Exame físico pulmonar

Turgência jugular: acentua-se com a expiração no caso de enfisema, o que não ocorre no caso
de ICC (Insuficiência cardíaca congestiva)

Supuração: processo ou resultado de formação de pus

Síndrome de Claude-Bernard-Horner: compressão simpática. Ptose, pupila contraída só de um


lado. Sudorese torácica unilateral.

Atelectasia: colapso pulmonar. Produz som maciço.

Ângulo de Charpy (entre as costelas) <90 Longilíneos e >90 Brevelíneos.

Enfisematosos podem apresentar torpor (narcose por CO2)

Pelo menos 5% da hemoglobina reduzida para que haja cianose.

Cianose central: shunt cardíaco ou função de transporte de O2 insuficiente

Cianose periférica: vasoconstrição ou redução do débito cardíaco.

Enfisematosos (BB- azul pletórico/Blue bloaters e PP - soprador rosado/pink puffers) BB mais


cianóticos.

Sinal de Ramond: contratura da musculatura paravertebral torácica unilateral. Denuncia o


comprometimento pleural inflamatório homolateral.

Sinal de Lemos Torres: abaulamento dos espaços intercostais durante a expiração – derrame
pleural.

Ângulo de Louis, formado pela junção do manúbrio com o corpo esternal.

Envelhecimento – tórax globoso, porém não compromete as funções pulmonares.

Trepopneia é a dispneia (dificuldade em respirar) que é sentida quando a pessoa está em


decúbito lateral, não sendo sentida no decúbito contralateral.

Resp. de Cheyne-Stokes = Biot

Respiração de Kussmaul: acidose diabética, apneia na expiração e inspiração.

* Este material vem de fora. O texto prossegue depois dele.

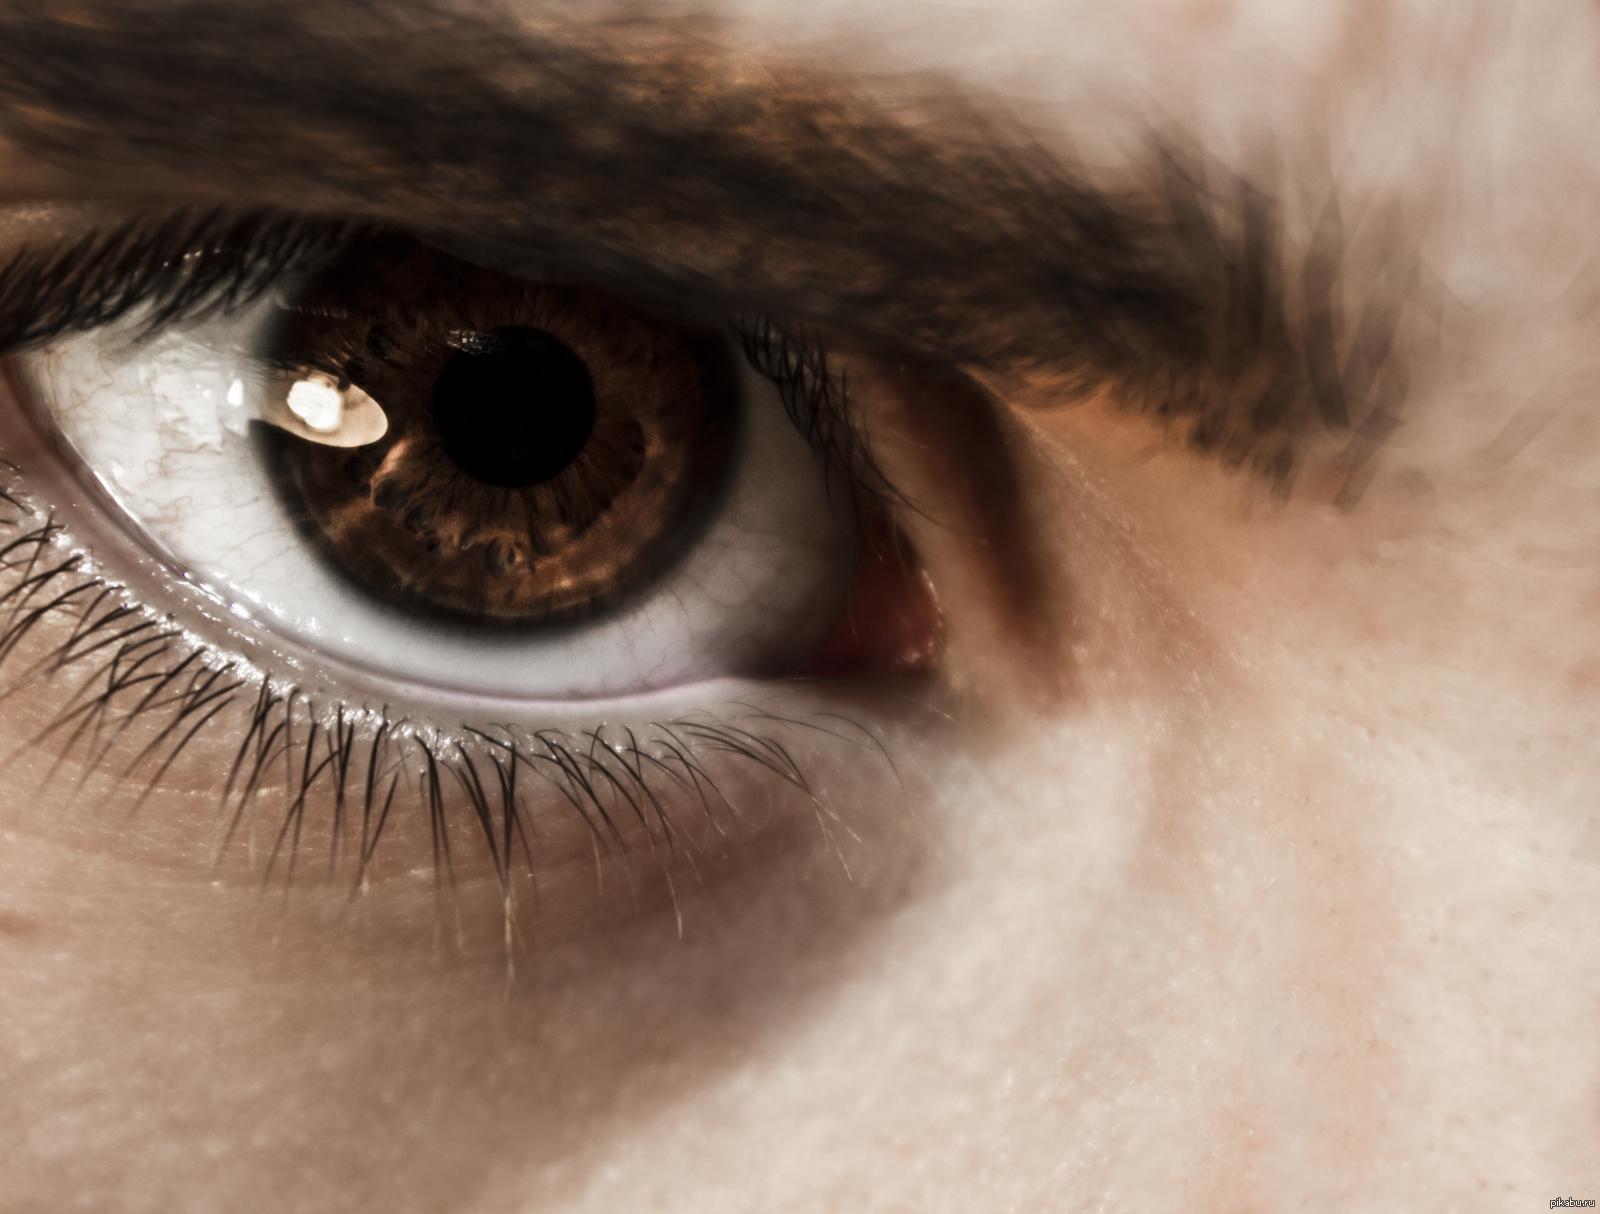 как на айфоне красиво сфотографировать глаз панели

Enfisema subcutâneo: pneumotórax

Edema na fossa supraclavicular: obstrução na VCS.

FTV – frêmito toracovocal - mais acentuado à direita e nas bases. Afecções pleurais são
antipáticas e afecções do parênquima são simpáticas. Derrames pleurais diminuem o frêmito,
o qual torna-se mais nítido nas condensações pulmonares. Exceção: brônquio obstruído,
apesar de ser afecção parenquimatosa, o som não se transmite.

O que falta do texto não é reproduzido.